Material provided Block Start

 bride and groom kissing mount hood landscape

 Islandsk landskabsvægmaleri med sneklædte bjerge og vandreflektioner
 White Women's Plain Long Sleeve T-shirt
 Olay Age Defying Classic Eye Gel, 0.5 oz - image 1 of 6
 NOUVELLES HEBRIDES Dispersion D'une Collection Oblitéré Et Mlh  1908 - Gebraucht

Material provided Block End

▶ Task objective:
What you return must match the data word for word.

▶ Answer area:
 bride and groom kissing mount hood landscape

 Islandsk landskabsvægmaleri med sneklædte bjerge og vandreflektioner
 White Women's Plain Long Sleeve T-shirt
 Olay Age Defying Classic Eye Gel, 0.5 oz - image 1 of 6
 NOUVELLES HEBRIDES Dispersion D'une Collection Oblitéré Et Mlh  1908 - Gebraucht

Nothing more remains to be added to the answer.